Even the gravitational pull exerted by planets can distort light, offering a means to detect exoplanets orbiting distant stars. Experts in the field of astrophysics use the unique process of gravitational lensing to study far-away planets and galaxies and their attributes.
Ring by gravitational lensing due to red galaxy Image Credit: ESA/Hubble & NASA Available at: https://www.cfa.harvard.edu/research/topic/gravitational-lensing
The Role of Gravitational Lenses
Gravitational lensing is the most crucial application of Einstein’s theory in modern astrophysics. The presence of planets and stars distorts space-time and makes them the tool for gravitational lensing.

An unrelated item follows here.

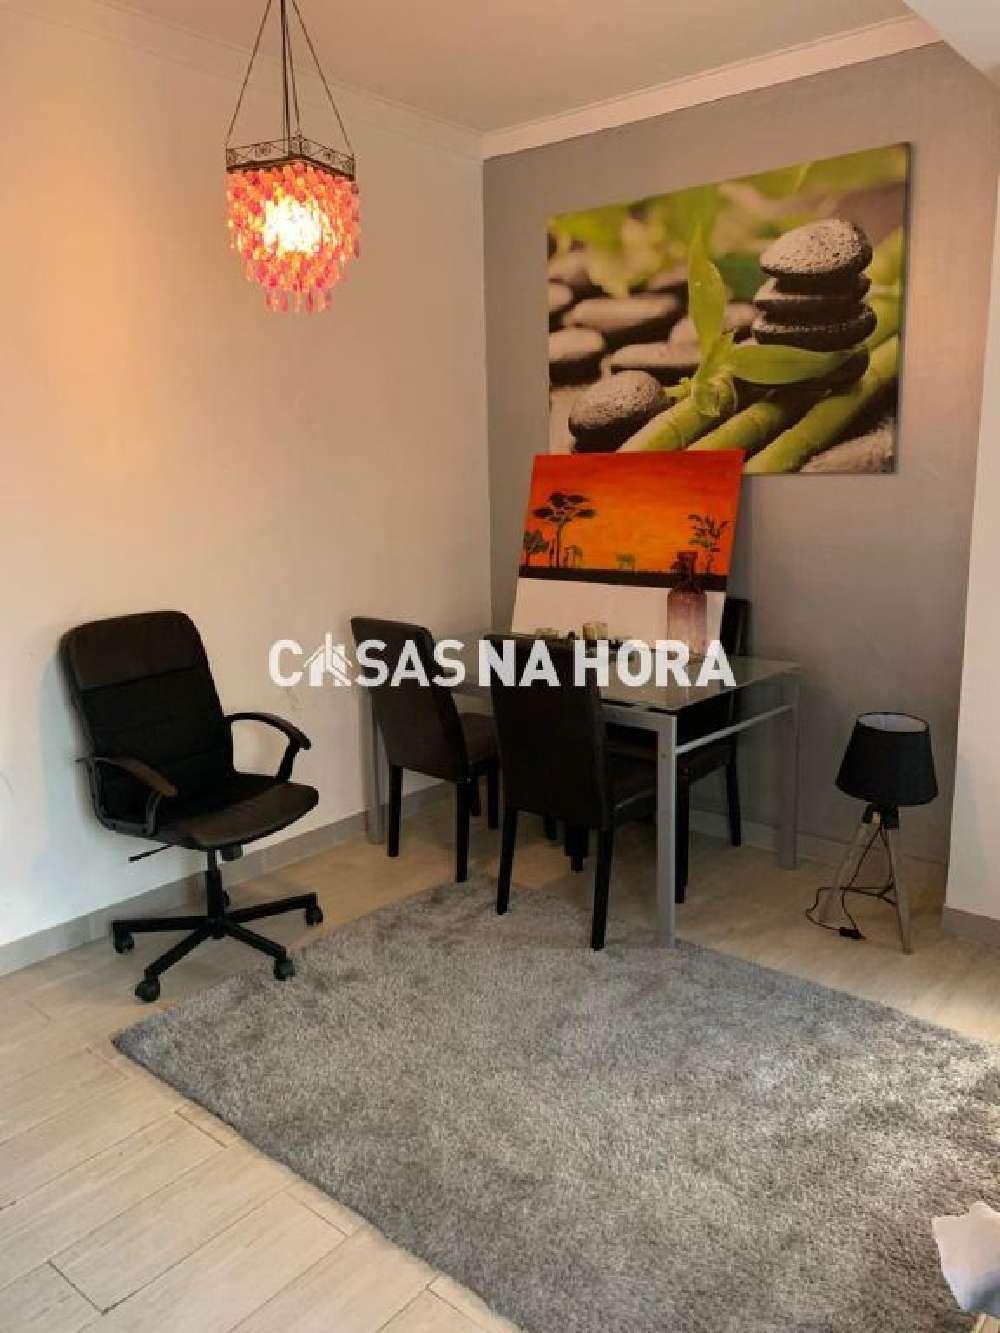 Caparica Almada apartamento foto #request.properties.id#

The path of light is changed when it passes in the vicinity of these lenses, and a distorted image of the celestial body is developed. The phenomena are observed in the form of a ring or a halo of light around the celestial body.
Gravitational Lensing for the Study of Supernovae
The gravitational bending of light, known as strong gravitational lensing, and the smaller-scale effect called microlensing, when applied to supernovae (SNe), have become valuable tools for exploring cosmology and astrophysics in recent times. Roughly thirty years ago, the concept of utilizing "gravitational telescopes," represented by known lensing galaxy clusters, gained traction. This approach enhances the faint signals emitted by distant supernovae, with the magnification factor denoted as μ.
An article published in Space Science Reviews highlights the first-ever identification of multiple images resulting from a supernova that occurred with SN Refsdal gravitational lensing at a redshift of z = 1.49, detected by the Hubble Space Telescope (HST). In 2021, a strongly lensed supernova, SN Requiem, was observed through archival HST imaging of the galaxy cluster MACSJ0138.0−2155. More recently, another strongly lensed Type Ia supernova, referred to as Supernova Zwicky or SN 2022qmx, was found in the Zwicky Transient Facility.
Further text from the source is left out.